Hi @tmtmtmtm thanks for this!

Ive forked your scraper, and like yours, the Nepli text doesn’t display on the scraper page or appear in API output. But when I download the SQlite the characters are there. Weird.

Here’s that scraper https://morph.io/equivalentideas/nepal-ca-members

I’m not sure what’s going on, but I hope that helps a little. @henare any thoughts here?

equivalentideas · August 3, 2015, 7:16am

I can see the characters in your SQLite DB as well. So the characters are being collected, it’s just not displaying when it gets rendered in Ruby as csv, json or on the live site. This is a bug in morph.io , but the data is there in the scraper.

I’ve made an issue for this https://github.com/openaustralia/morph/issues/883 . We’ll get to onto this as soon as possible @tmtmtmtm thanks again for raising this.

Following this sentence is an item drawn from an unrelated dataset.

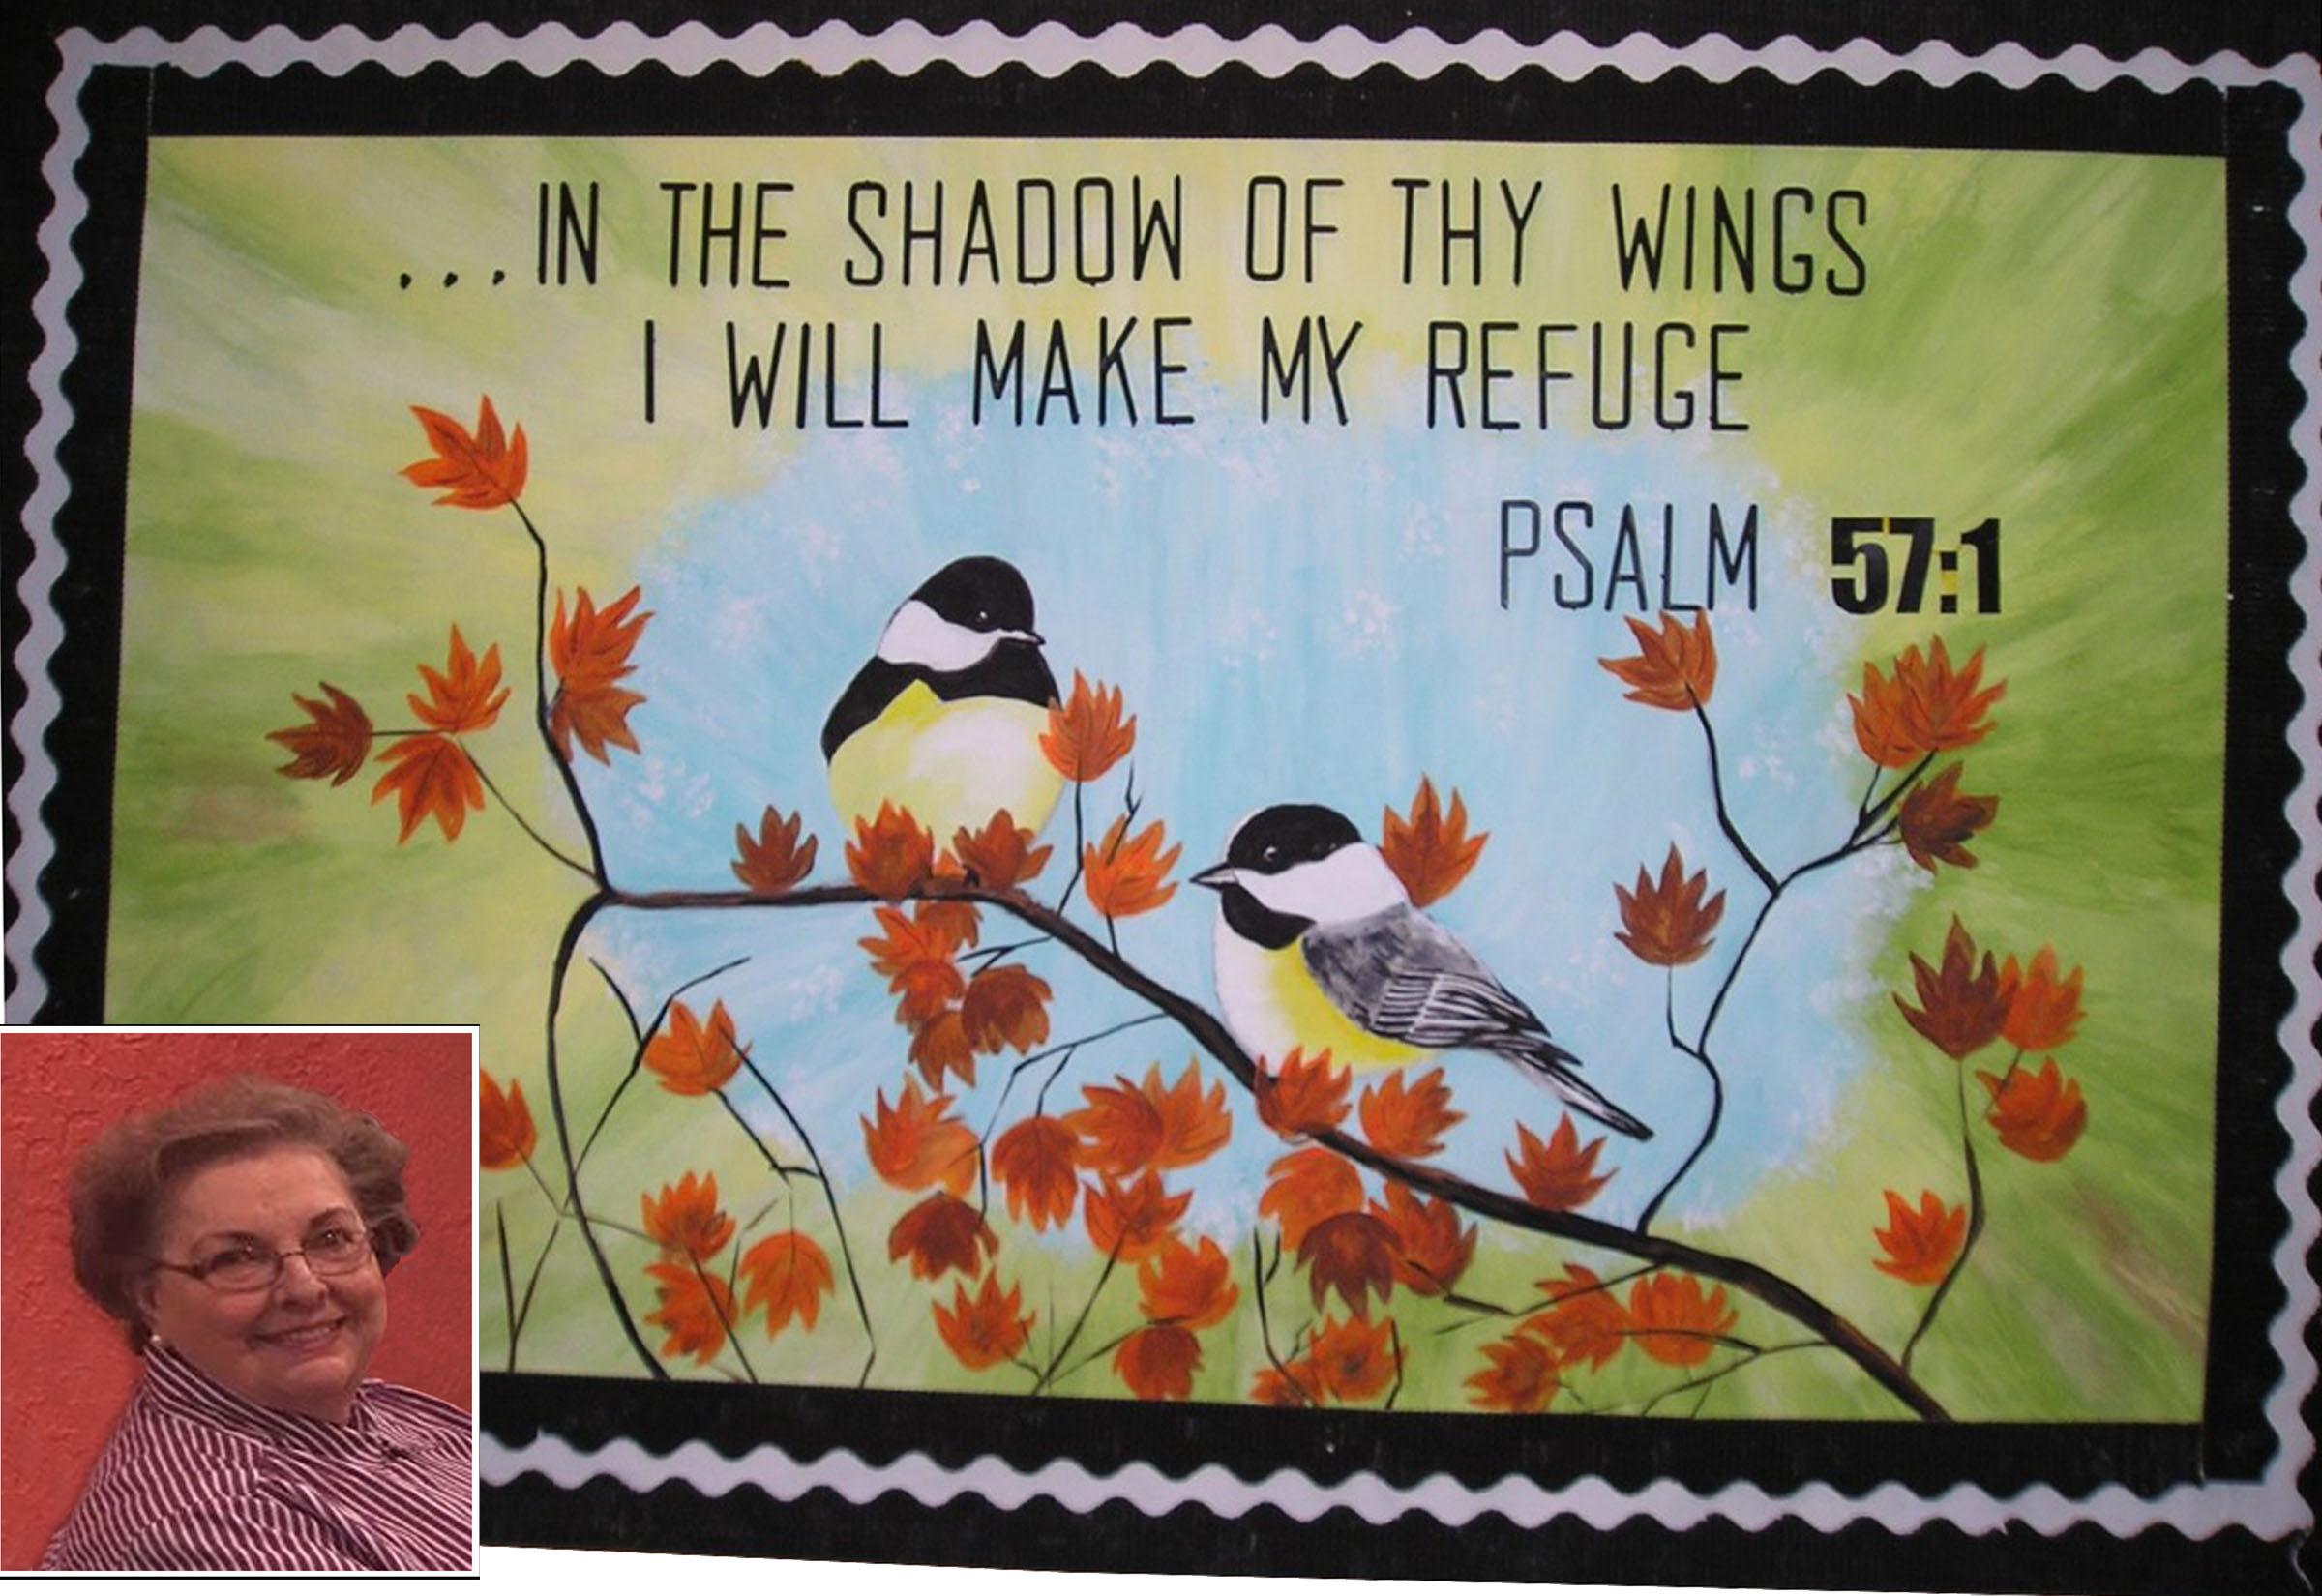 Artist paints church bulletin boards to teach

henare · August 4, 2015, 1:41pm

OK I’ve looked into this a bit.

The reason you see it in the database and not in the morph.io interface is because of this magic we do to handle invalid UTF-8 data in the SQLite databases.

So that begs the question, why isn’t this being stored as UTF-8? After quite a bit of investigation it appears that open-uri and other libraries I’ve tried, mechanize, do not open the Google CSV file as UTF-8, they open it as ASCII-8BIT which then flows through to CSV and down to the SQLite database.

I tried a few quick hacks but I’ve not got a working solution yet.

henare · August 4, 2015, 11:34pm

@tmtmtmtm Worked it out. Pull request opened: https://github.com/tmtmtmtm/nepal-ca-members/pull/1

tmtmtmtm · August 5, 2015, 5:52am

Thanks — that seems to be working now. But I’m still very confused as to what was happening. If the data was making it to the database, why could it not come back out via the API?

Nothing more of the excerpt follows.